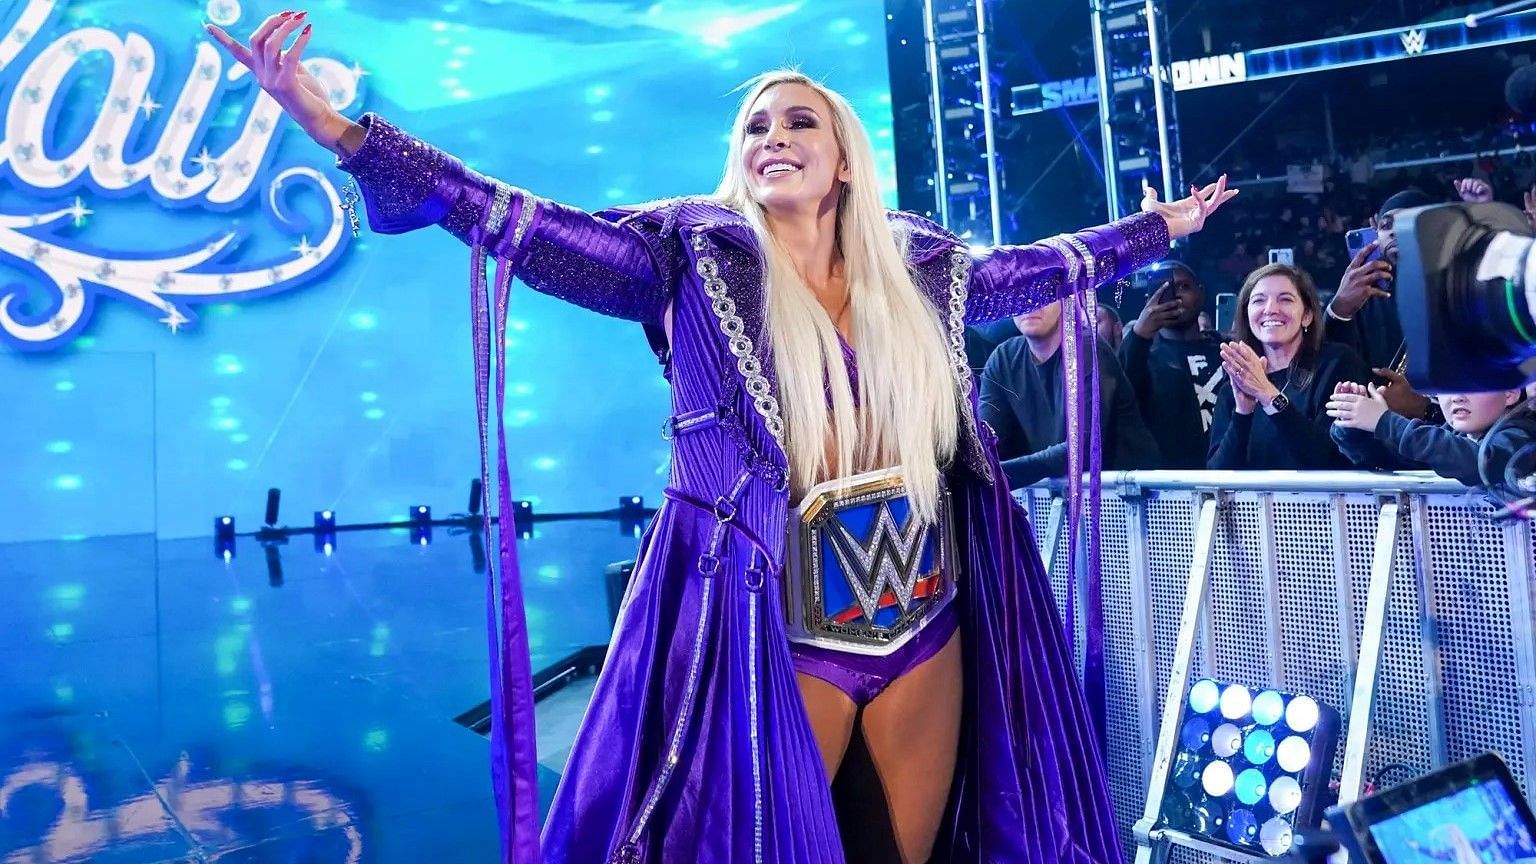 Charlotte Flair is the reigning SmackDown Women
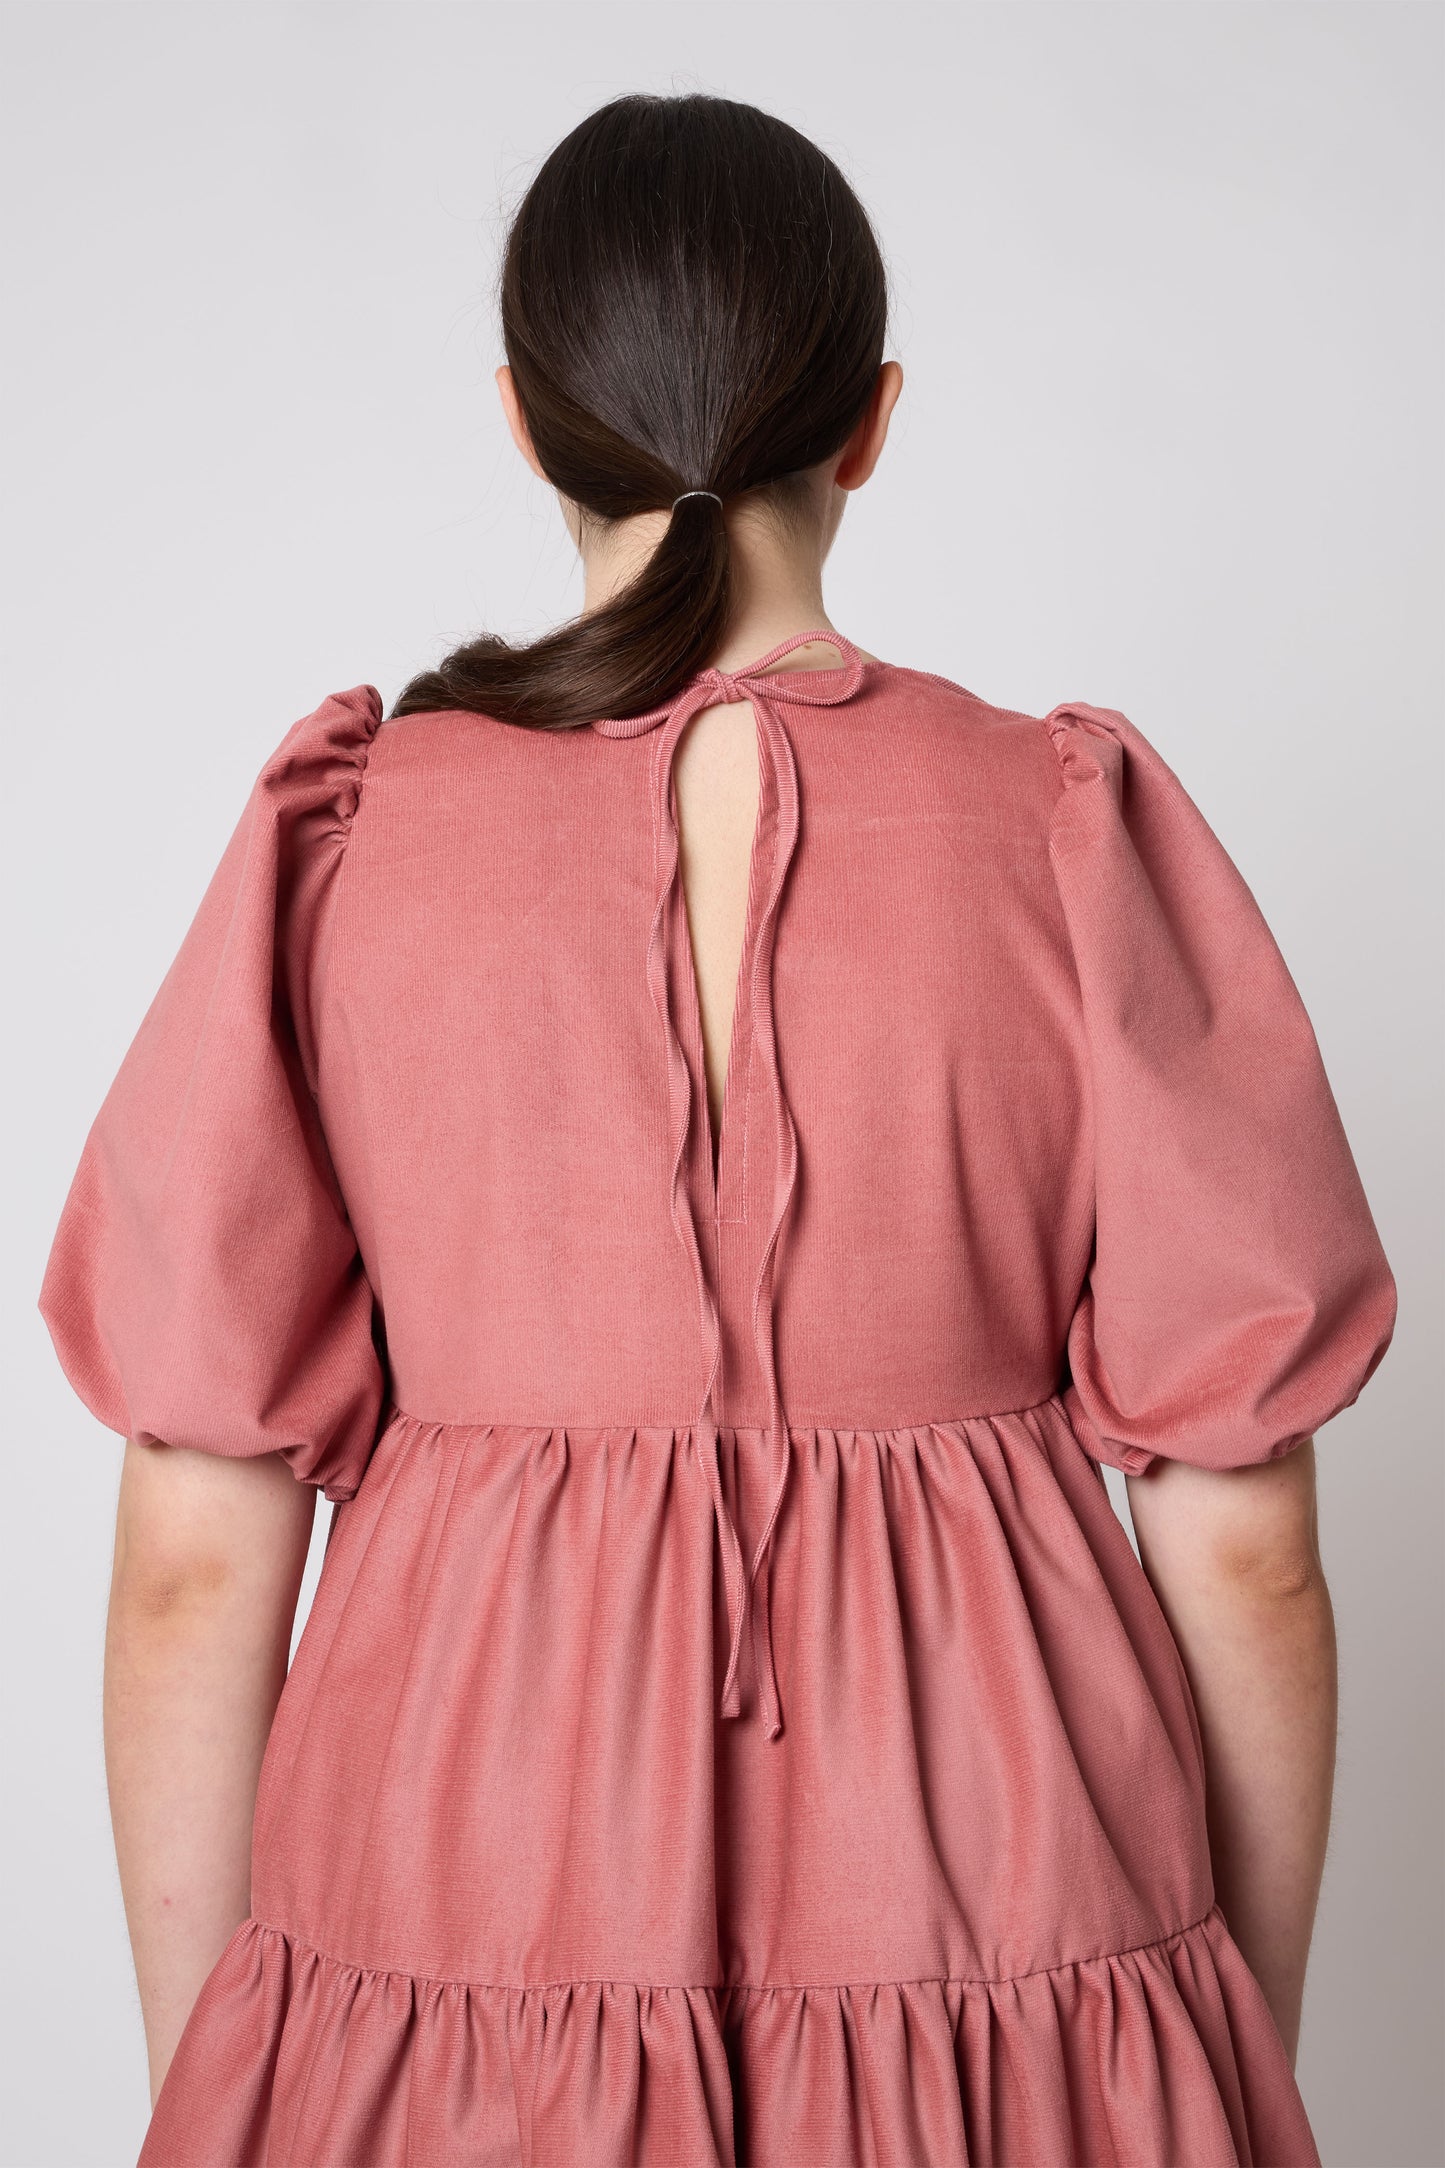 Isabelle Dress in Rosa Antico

---

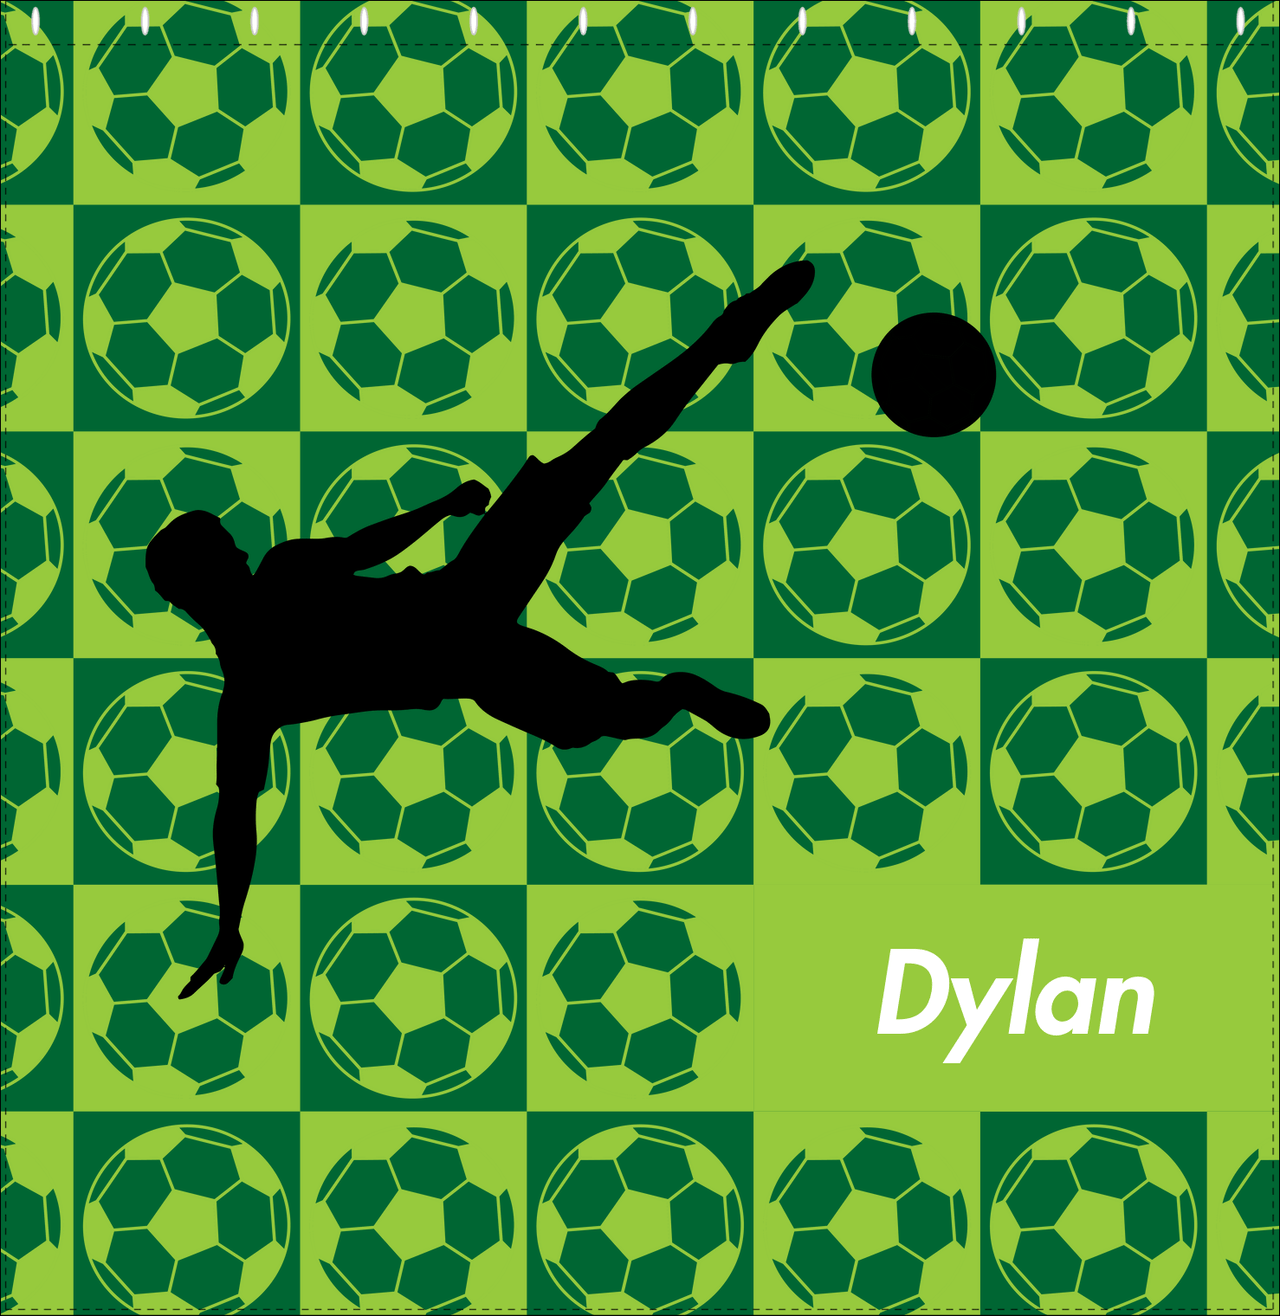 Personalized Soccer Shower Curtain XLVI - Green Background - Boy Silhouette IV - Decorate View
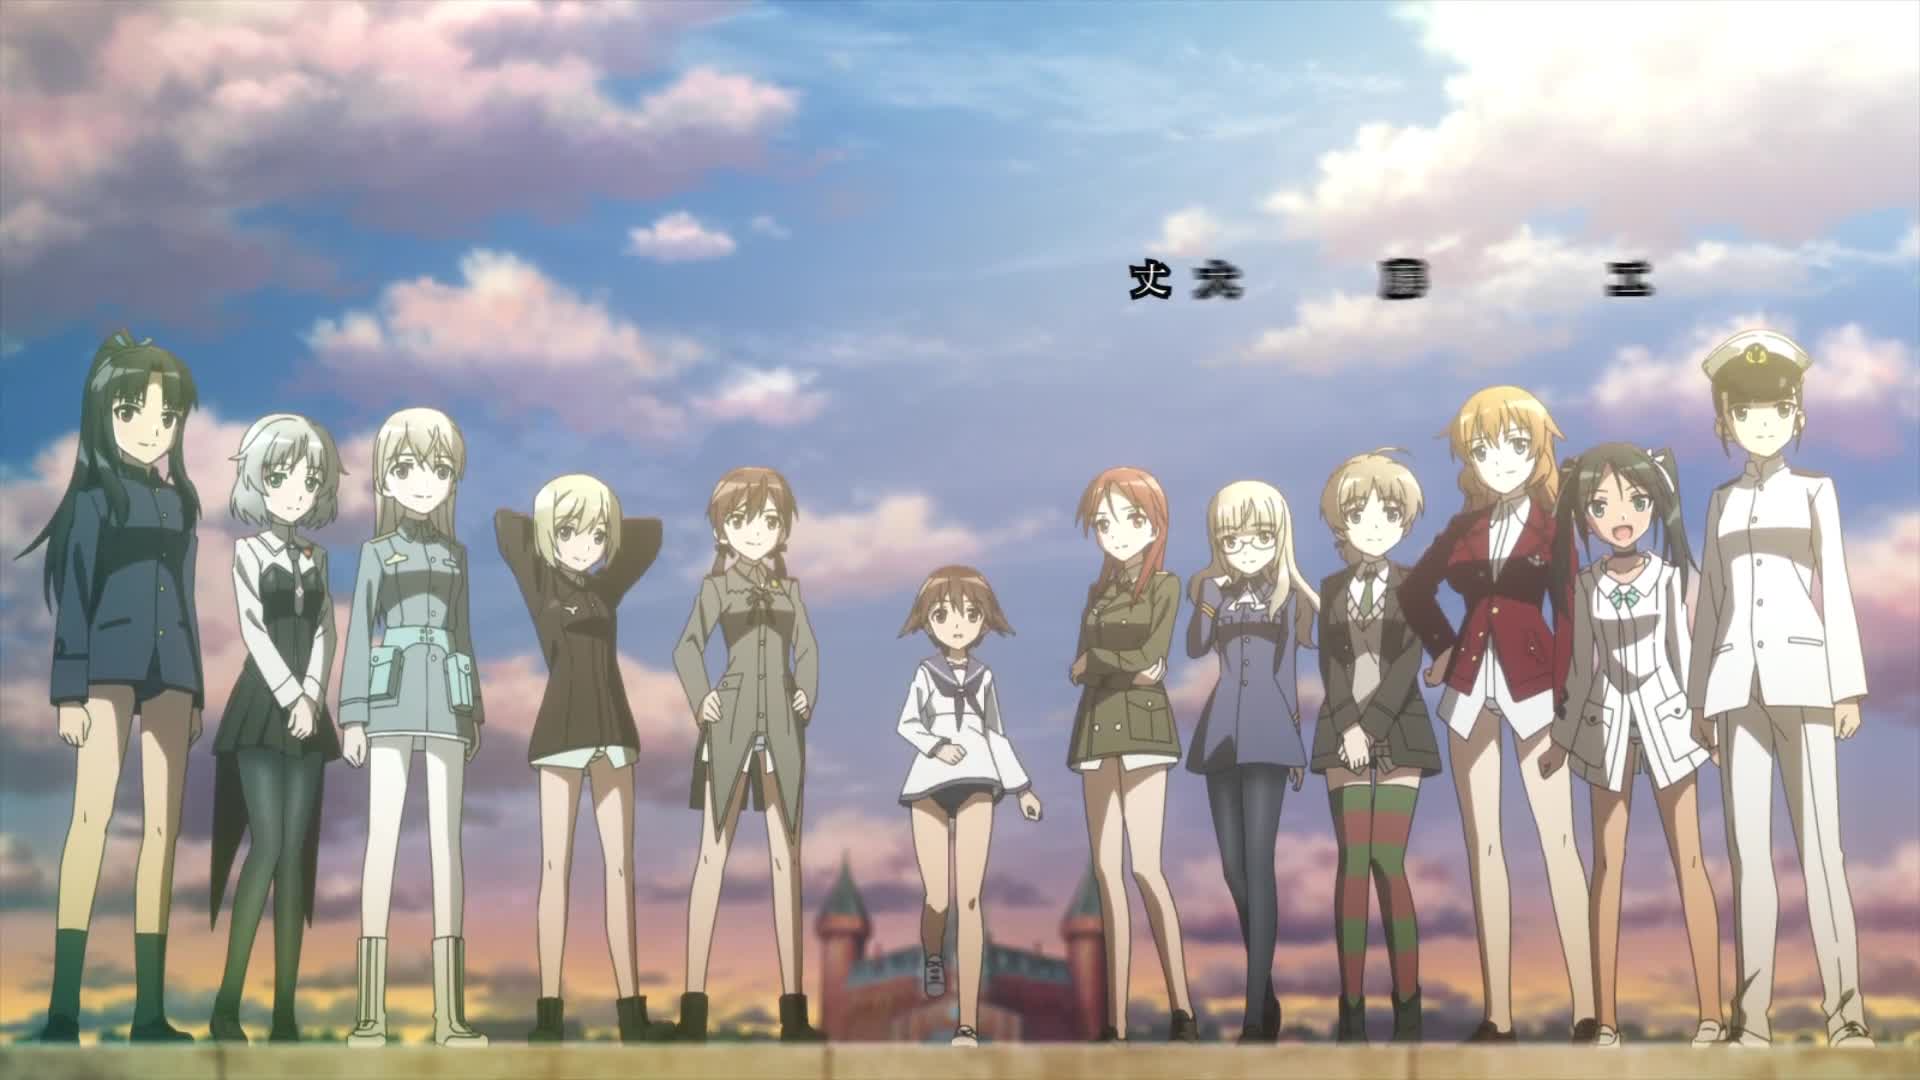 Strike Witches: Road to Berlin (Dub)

---

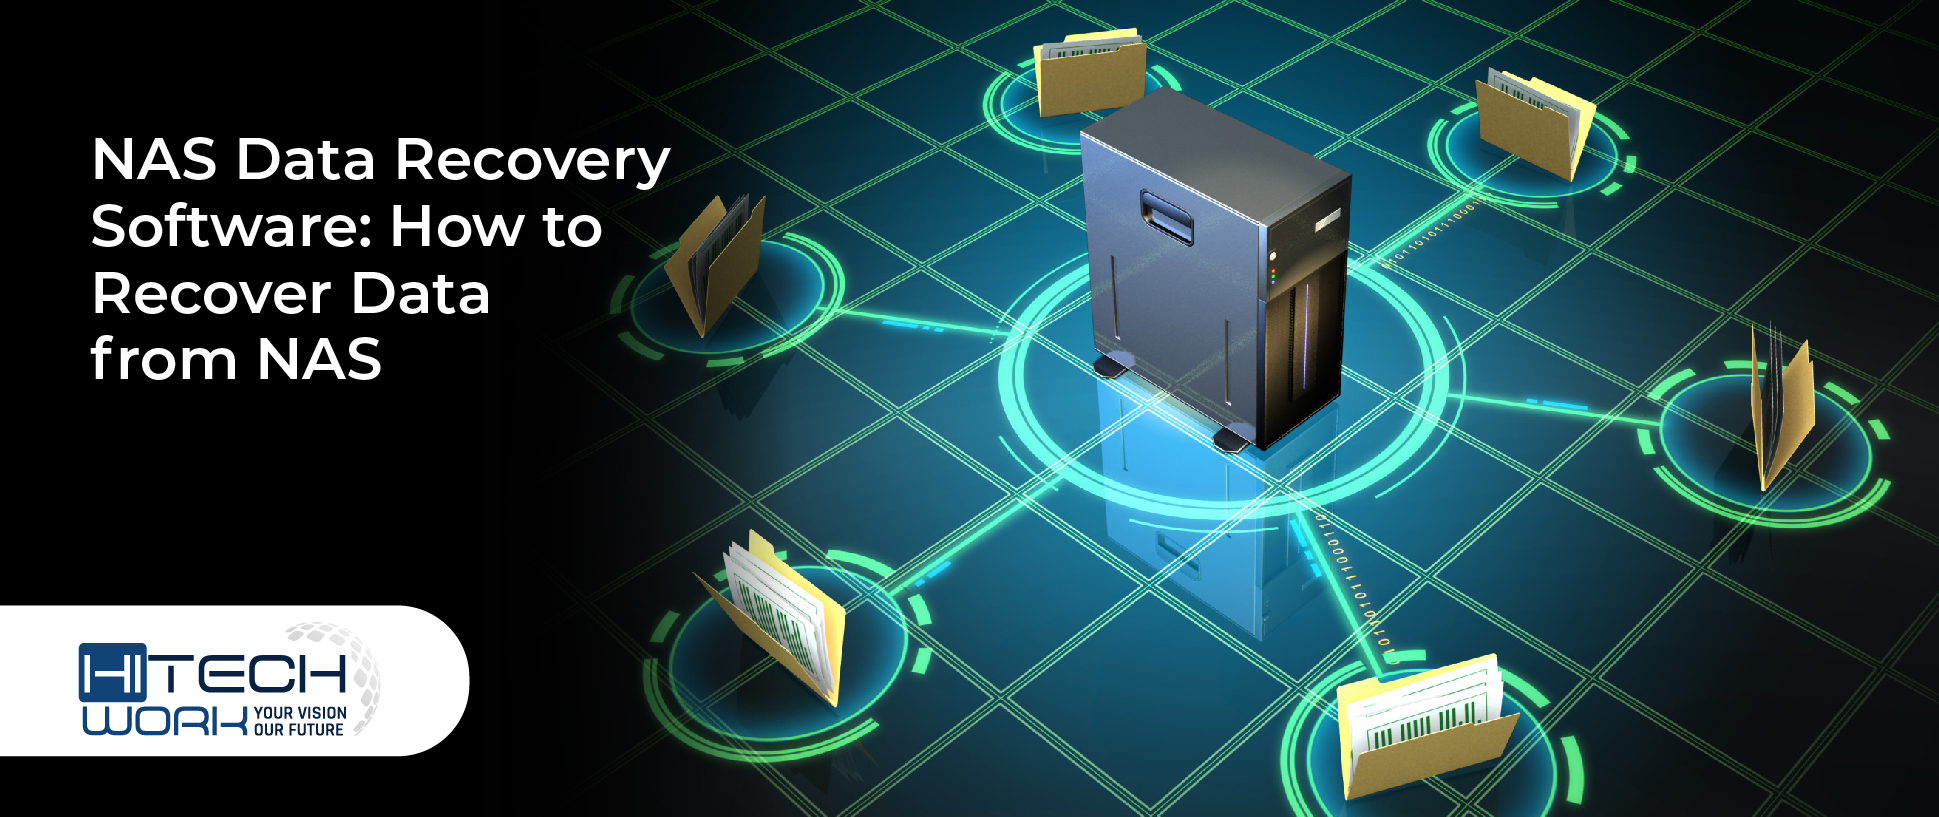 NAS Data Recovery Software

---

» **WHAT TO DO**: Respond with the exact lines above running from the one containing "Personalized Soccer Shower" to the one containing "Strike Witches: Road to Berlin (Dub)", both ends kept and no pictures included.

» **TASK ANSWER**:
 Personalized Soccer Shower Curtain XLVI - Green Background - Boy Silhouette IV - Decorate View
 Strike Witches: Road to Berlin (Dub)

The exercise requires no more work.